= Your instructions =
Run through the data and copy out every line that mentions the word "Nissan".

= Records shown =
★ ★ ★ ★ ★
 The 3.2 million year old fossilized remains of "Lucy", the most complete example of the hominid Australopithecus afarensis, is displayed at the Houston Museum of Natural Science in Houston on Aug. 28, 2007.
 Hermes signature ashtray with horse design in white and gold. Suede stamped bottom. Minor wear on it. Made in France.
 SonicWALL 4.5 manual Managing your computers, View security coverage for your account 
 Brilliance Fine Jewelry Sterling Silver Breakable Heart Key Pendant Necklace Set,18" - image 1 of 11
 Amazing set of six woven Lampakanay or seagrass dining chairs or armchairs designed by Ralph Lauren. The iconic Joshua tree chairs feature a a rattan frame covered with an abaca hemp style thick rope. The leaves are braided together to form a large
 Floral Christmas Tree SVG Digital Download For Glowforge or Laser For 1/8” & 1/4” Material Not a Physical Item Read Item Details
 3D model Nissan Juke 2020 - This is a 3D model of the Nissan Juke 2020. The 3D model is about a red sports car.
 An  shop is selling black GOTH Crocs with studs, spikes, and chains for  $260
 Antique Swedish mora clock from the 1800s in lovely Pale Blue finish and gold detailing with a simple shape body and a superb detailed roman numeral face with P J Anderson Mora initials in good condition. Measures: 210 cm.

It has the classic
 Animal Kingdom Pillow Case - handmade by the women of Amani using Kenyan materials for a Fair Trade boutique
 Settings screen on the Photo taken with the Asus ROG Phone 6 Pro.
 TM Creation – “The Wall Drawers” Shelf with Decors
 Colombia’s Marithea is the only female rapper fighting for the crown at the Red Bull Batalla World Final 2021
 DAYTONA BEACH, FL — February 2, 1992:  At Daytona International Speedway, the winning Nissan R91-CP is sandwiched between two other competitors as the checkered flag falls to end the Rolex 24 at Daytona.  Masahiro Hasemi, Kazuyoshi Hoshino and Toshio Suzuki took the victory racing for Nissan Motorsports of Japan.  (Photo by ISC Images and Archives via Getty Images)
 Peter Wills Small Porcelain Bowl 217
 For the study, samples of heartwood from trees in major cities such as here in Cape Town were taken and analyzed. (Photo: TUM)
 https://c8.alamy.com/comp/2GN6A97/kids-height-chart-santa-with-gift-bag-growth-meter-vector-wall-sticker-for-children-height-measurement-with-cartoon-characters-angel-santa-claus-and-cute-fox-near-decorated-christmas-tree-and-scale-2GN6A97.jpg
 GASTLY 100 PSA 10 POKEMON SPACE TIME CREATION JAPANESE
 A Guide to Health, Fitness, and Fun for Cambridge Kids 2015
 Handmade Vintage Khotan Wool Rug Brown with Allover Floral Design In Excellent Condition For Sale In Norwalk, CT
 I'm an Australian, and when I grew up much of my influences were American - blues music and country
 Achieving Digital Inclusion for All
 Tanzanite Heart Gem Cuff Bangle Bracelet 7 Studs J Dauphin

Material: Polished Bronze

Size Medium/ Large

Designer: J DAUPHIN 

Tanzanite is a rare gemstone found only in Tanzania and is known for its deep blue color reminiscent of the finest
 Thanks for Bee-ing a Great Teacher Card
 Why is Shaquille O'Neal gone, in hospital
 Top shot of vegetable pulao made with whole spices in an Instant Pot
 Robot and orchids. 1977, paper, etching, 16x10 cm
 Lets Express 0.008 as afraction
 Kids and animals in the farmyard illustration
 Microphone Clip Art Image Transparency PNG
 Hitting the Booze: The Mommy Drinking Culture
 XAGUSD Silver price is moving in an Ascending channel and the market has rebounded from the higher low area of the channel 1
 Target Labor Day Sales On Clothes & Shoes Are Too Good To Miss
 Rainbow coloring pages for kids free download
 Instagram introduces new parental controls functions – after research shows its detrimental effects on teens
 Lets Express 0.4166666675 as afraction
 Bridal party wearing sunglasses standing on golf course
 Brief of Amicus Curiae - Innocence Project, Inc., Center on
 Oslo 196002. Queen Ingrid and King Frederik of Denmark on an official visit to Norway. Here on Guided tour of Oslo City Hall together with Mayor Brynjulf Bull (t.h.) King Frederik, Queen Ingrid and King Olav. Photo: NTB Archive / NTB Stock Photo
★ ★ ★ ★ ★
= Task output =
 3D model Nissan Juke 2020 - This is a 3D model of the Nissan Juke 2020. The 3D model is about a red sports car.
 DAYTONA BEACH, FL — February 2, 1992:  At Daytona International Speedway, the winning Nissan R91-CP is sandwiched between two other competitors as the checkered flag falls to end the Rolex 24 at Daytona.  Masahiro Hasemi, Kazuyoshi Hoshino and Toshio Suzuki took the victory racing for Nissan Motorsports of Japan.  (Photo by ISC Images and Archives via Getty Images)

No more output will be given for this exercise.